MATERIAL TO PROCESS: Begin
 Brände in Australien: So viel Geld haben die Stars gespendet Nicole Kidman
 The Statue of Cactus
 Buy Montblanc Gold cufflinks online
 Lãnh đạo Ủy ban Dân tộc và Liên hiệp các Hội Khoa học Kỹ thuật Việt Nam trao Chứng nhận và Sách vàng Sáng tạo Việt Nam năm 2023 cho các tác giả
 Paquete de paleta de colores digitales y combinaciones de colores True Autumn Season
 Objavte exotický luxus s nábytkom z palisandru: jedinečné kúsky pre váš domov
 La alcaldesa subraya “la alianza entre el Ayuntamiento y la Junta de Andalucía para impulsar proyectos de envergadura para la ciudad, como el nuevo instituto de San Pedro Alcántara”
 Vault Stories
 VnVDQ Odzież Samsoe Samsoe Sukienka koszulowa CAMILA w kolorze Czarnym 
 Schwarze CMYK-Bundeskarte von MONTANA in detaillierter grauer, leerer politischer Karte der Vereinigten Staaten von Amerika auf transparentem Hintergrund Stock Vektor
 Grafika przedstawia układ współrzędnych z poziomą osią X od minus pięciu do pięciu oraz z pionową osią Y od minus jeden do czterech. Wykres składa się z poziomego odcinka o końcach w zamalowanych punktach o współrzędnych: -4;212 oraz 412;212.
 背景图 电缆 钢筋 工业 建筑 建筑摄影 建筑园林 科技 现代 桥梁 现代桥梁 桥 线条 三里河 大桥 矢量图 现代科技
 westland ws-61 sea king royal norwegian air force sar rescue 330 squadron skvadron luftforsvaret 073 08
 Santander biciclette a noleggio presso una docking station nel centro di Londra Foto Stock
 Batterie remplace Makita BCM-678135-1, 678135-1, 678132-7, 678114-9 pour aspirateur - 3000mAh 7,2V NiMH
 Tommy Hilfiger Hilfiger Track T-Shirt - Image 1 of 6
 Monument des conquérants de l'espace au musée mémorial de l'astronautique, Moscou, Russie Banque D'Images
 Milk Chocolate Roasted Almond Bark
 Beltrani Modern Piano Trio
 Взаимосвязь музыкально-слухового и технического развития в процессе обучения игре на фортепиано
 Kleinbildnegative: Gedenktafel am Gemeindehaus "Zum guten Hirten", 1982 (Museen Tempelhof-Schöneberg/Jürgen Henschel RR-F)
MATERIAL TO PROCESS: End
WORK REQUEST — The response has to give back every record verbatim.

REPLY —
 Brände in Australien: So viel Geld haben die Stars gespendet Nicole Kidman
 The Statue of Cactus
 Buy Montblanc Gold cufflinks online
 Lãnh đạo Ủy ban Dân tộc và Liên hiệp các Hội Khoa học Kỹ thuật Việt Nam trao Chứng nhận và Sách vàng Sáng tạo Việt Nam năm 2023 cho các tác giả
 Paquete de paleta de colores digitales y combinaciones de colores True Autumn Season
 Objavte exotický luxus s nábytkom z palisandru: jedinečné kúsky pre váš domov
 La alcaldesa subraya “la alianza entre el Ayuntamiento y la Junta de Andalucía para impulsar proyectos de envergadura para la ciudad, como el nuevo instituto de San Pedro Alcántara”
 Vault Stories
 VnVDQ Odzież Samsoe Samsoe Sukienka koszulowa CAMILA w kolorze Czarnym 
 Schwarze CMYK-Bundeskarte von MONTANA in detaillierter grauer, leerer politischer Karte der Vereinigten Staaten von Amerika auf transparentem Hintergrund Stock Vektor
 Grafika przedstawia układ współrzędnych z poziomą osią X od minus pięciu do pięciu oraz z pionową osią Y od minus jeden do czterech. Wykres składa się z poziomego odcinka o końcach w zamalowanych punktach o współrzędnych: -4;212 oraz 412;212.
 背景图 电缆 钢筋 工业 建筑 建筑摄影 建筑园林 科技 现代 桥梁 现代桥梁 桥 线条 三里河 大桥 矢量图 现代科技
 westland ws-61 sea king royal norwegian air force sar rescue 330 squadron skvadron luftforsvaret 073 08
 Santander biciclette a noleggio presso una docking station nel centro di Londra Foto Stock
 Batterie remplace Makita BCM-678135-1, 678135-1, 678132-7, 678114-9 pour aspirateur - 3000mAh 7,2V NiMH
 Tommy Hilfiger Hilfiger Track T-Shirt - Image 1 of 6
 Monument des conquérants de l'espace au musée mémorial de l'astronautique, Moscou, Russie Banque D'Images
 Milk Chocolate Roasted Almond Bark
 Beltrani Modern Piano Trio
 Взаимосвязь музыкально-слухового и технического развития в процессе обучения игре на фортепиано
 Kleinbildnegative: Gedenktafel am Gemeindehaus "Zum guten Hirten", 1982 (Museen Tempelhof-Schöneberg/Jürgen Henschel RR-F)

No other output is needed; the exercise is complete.